An exact copy of the listing below is the answer, with the pictures removed.
** Opening Data extract block **
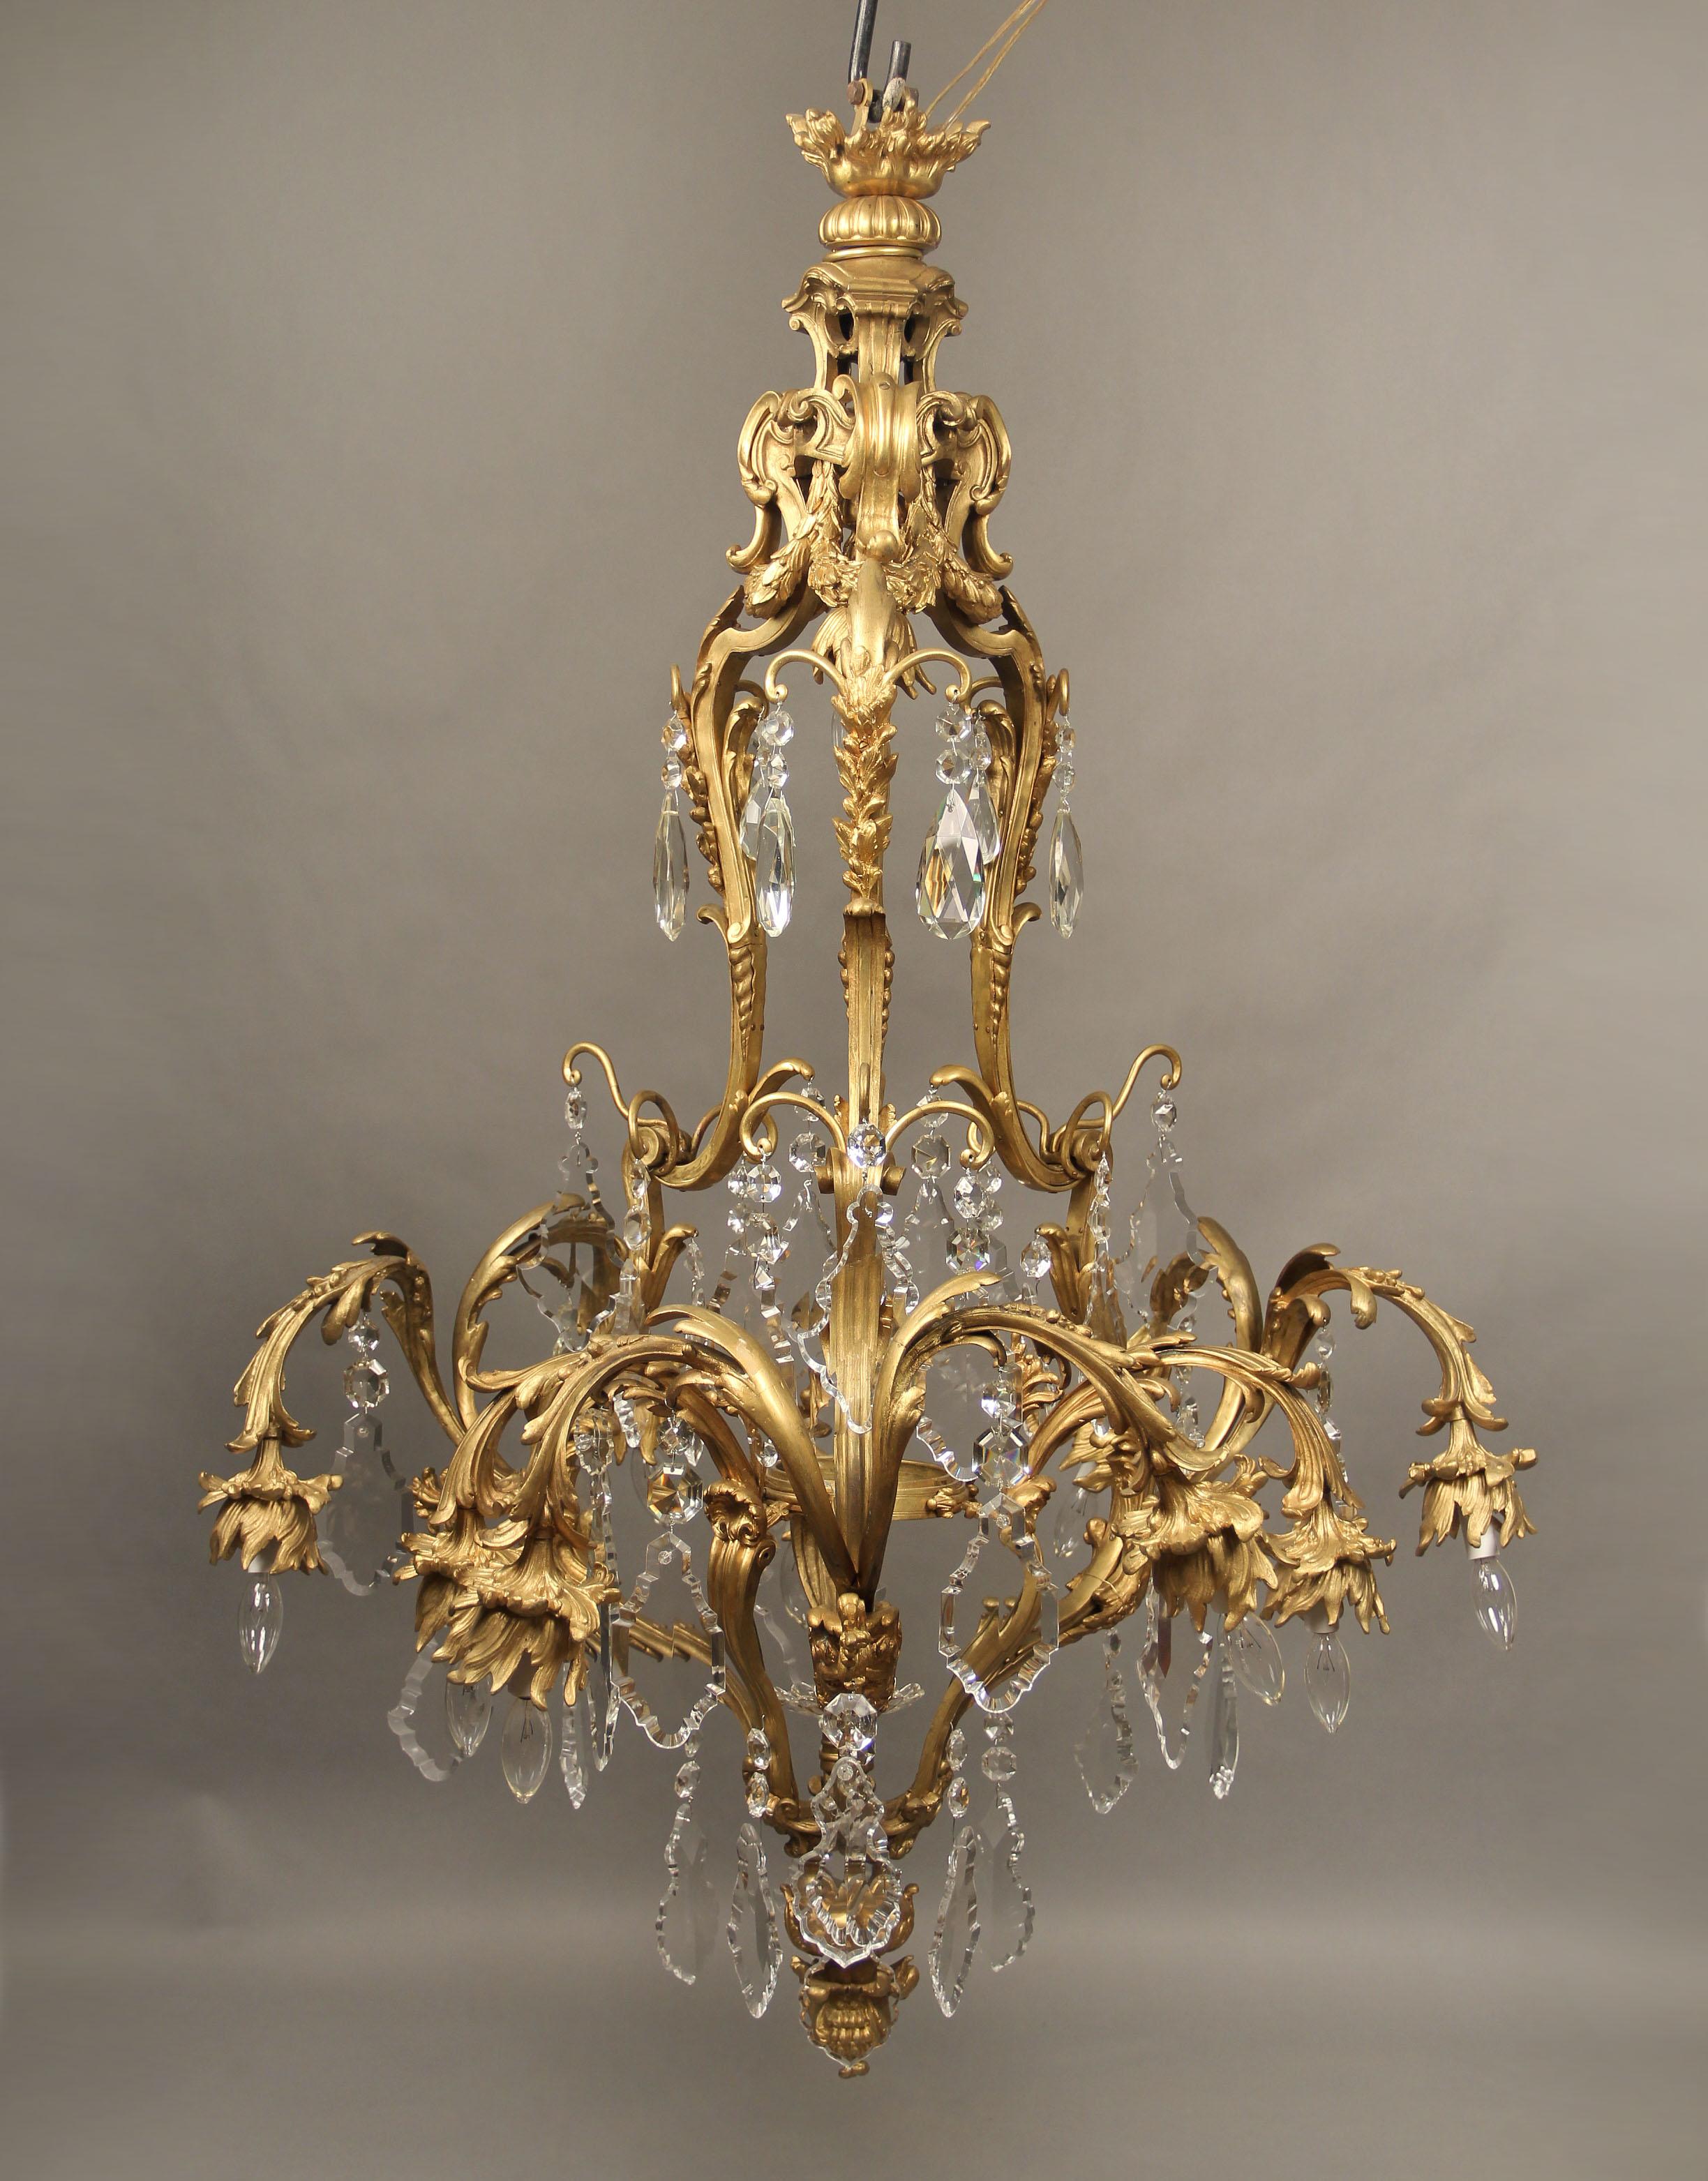 A fine early 20th century gilt bronze and crystal eleven-light chandelier

A bronze casted cage, designed with three male masks, flowers, shells and reefs, with multifaceted and shaped crystals, nine perimeter and two interior lights.

If you
** Closing Data extract block **
Solution to the exercise -
 A fine early 20th century gilt bronze and crystal eleven-light chandelier

A bronze casted cage, designed with three male masks, flowers, shells and reefs, with multifaceted and shaped crystals, nine perimeter and two interior lights.

If you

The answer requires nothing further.